Натаниэль первым начал отстраняться, что было для него нетипичным, но, едва он убрал одну руку, я поняла почему. С другой стороны в объятия Натаниэля скользнул Мика. Он прильнул головой к груди рядом со мной, и мы обхватили друг друга руками, а с другой стороны обняли Натаниэля за пояс. В нем был метр семьдесят пять, так что мы оба устроились под его руками, прижавшись к его груди щеками так, что я могла потереться носом о лицо Мики. Мика для меня всегда пах чем-то теплым и пряным, как корица, и чем-то еще, что я не могла определить, и я вдруг снова вернулась на теплую мамину кухню. В тот день она поила нас горячим шоколадом по-мексикански: смесью обычного американского какао и более богатого, темного, пряного напитка. Себе она делала на полную мощь, такой крепкий, что он аж горчил. Я до сих пор помнила вкус, когда она дала мне попробовать, но для меня она делала сладкий шоколад лишь с толикой пряности и жара ее напитка. От кожи Мики исходил аромат экзотических специй, корицы, темного шоколада и воспоминаний, которые я почти забыла. Мама погибла следующим летом после этого снежного дня. Мне было восемь.

Я обнимала их так крепко, как могла, и горло отчего-то сжалось, а на глазах проступили горячие еще не пролитые слезы.

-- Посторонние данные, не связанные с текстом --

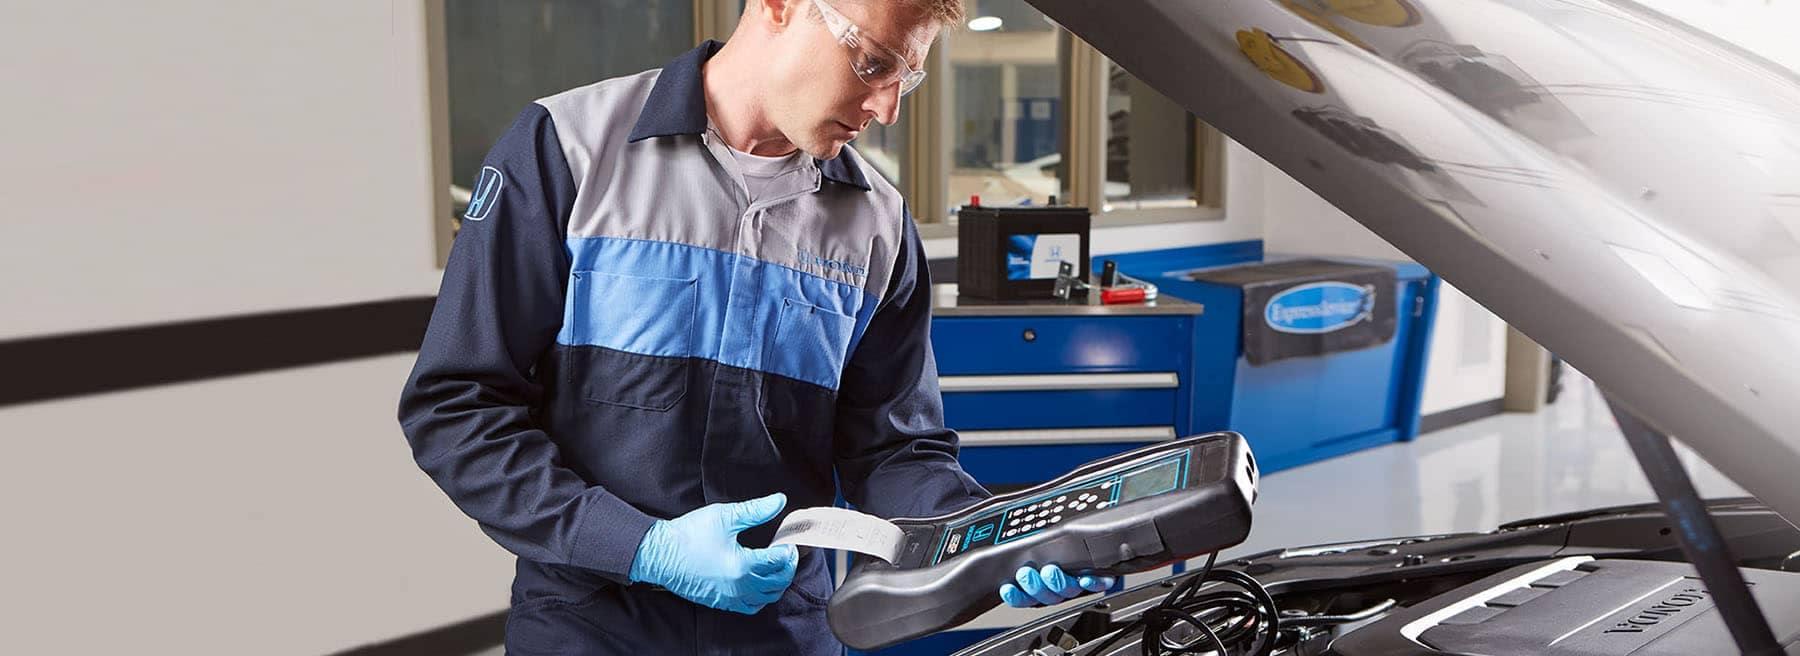 Honda Technician Working
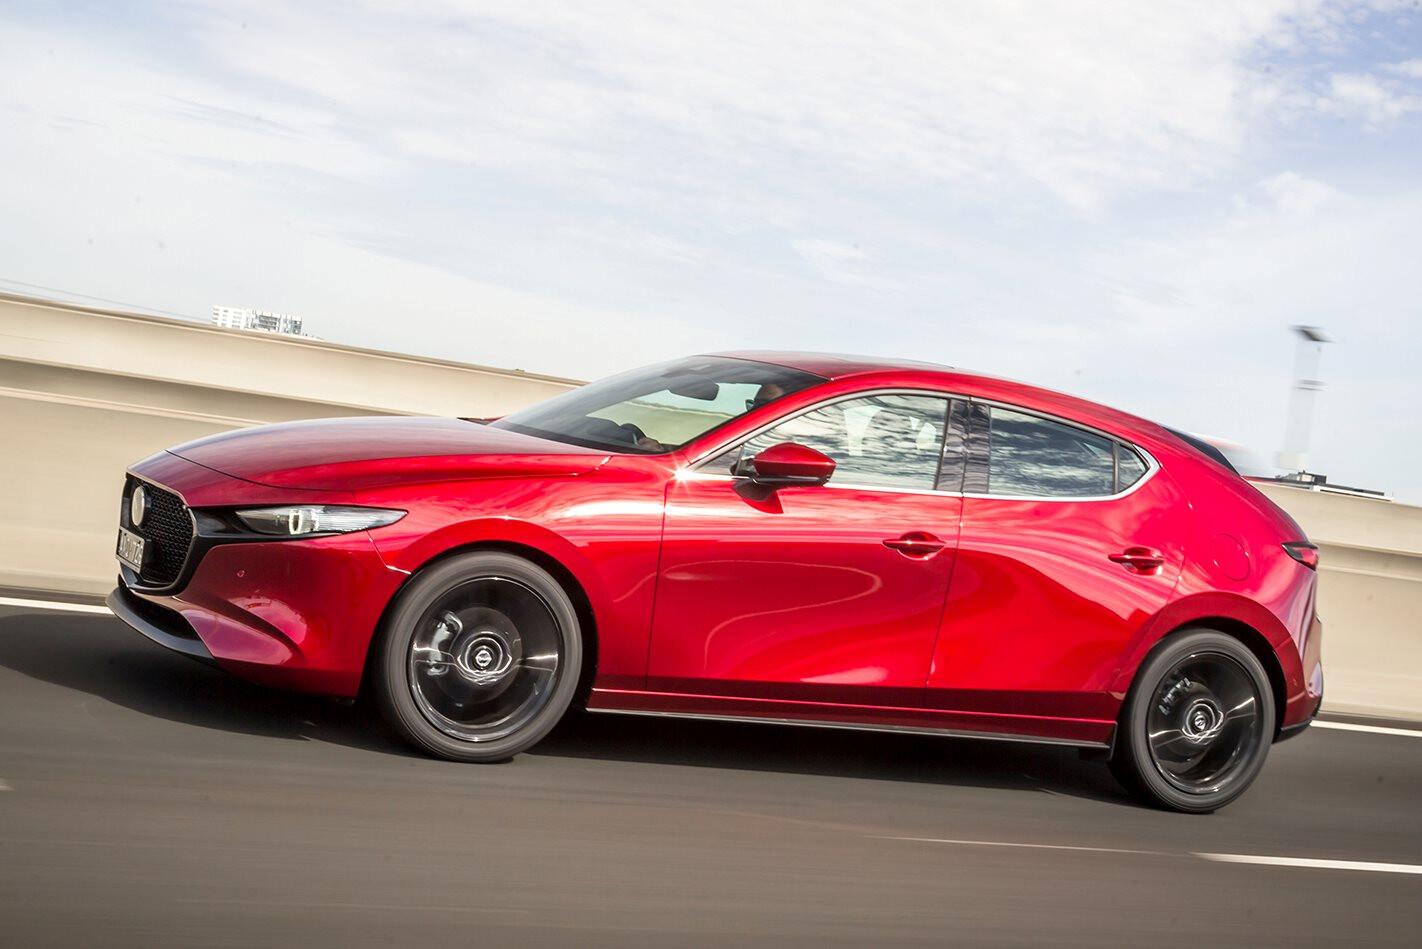 2019 Mazda 3 Astina G25 hatch review

— Ты плачешь? — спросил Мика.

— Почти, — ответила я.

— Что случилось? — забеспокоился он.

— Ничего, абсолютно ничего.

— Так отчего же слезы?

Я перевела взгляд с него на Натаниэля, и первые слезинки скатились по щеке. Они оба выглядели обеспокоенными, пока я не рассмеялась и не процитировала то, что иногда говорит Натаниэль:

— Порой твое счастье так велико, что ты не в силах удержать его в себе, и оно выплескивается из твоих глаз.

Они улыбнулись, а затем обняли меня. В конце концов я высвободилась из объятий, осторожно промокнув глаза, чтобы не размазать подводку. Обычно я не красилась так сильно, но Натаниэлю нравилось, когда глаза были подведены, он научил меня поправлять макияж глаз, не размазывая его ненароком. С бойфрендами, которым приходится наносить макияж на сцену, я стала настоящей женщиной.

— Ненавижу быть тем, кто омрачает такое прекрасное настроение, но Томасу очень больно.

Никто из нас не стал спрашивать, имеет ли Мика в виду огнестрельное ранение, потому что и так было ясно, что он о другом.

— Чем мы можем ему помочь? — спросил Натаниэль.

— Что он сказал? — уточнила я.

— Сперва нам нужно поговорить с Мэнни.

Я поискала Мэнни в толпе, но танцпол был снова полон, а я невысокого роста, даже на каблуках, чтобы что-то разглядеть. У Мики даже каблуков не было, так что именно Натаниэль повел нас вокруг танцующих. Мы просто доверились ему, что он увидел Мэнни, и следовали за ним.

Он танцевал с Розитой, склонив голову на ее внушительный бюст, словно это была его любимая подушка. Она выглядела смущенной и довольной, словно разрывалась между тем, чтобы преподать ему хороший урок, и тем, чтобы насладиться фактом, что спустя тридцать лет после свадьбы, они по-прежнему танцуют словно подростки на выпускном под присмотром наставников.

Натаниэль обнял нас с Микой, сказав:

— Хотел бы я, что бы и мы такими были лет через двадцать.

Я обняла его одной рукой, склонив голову ему на грудь.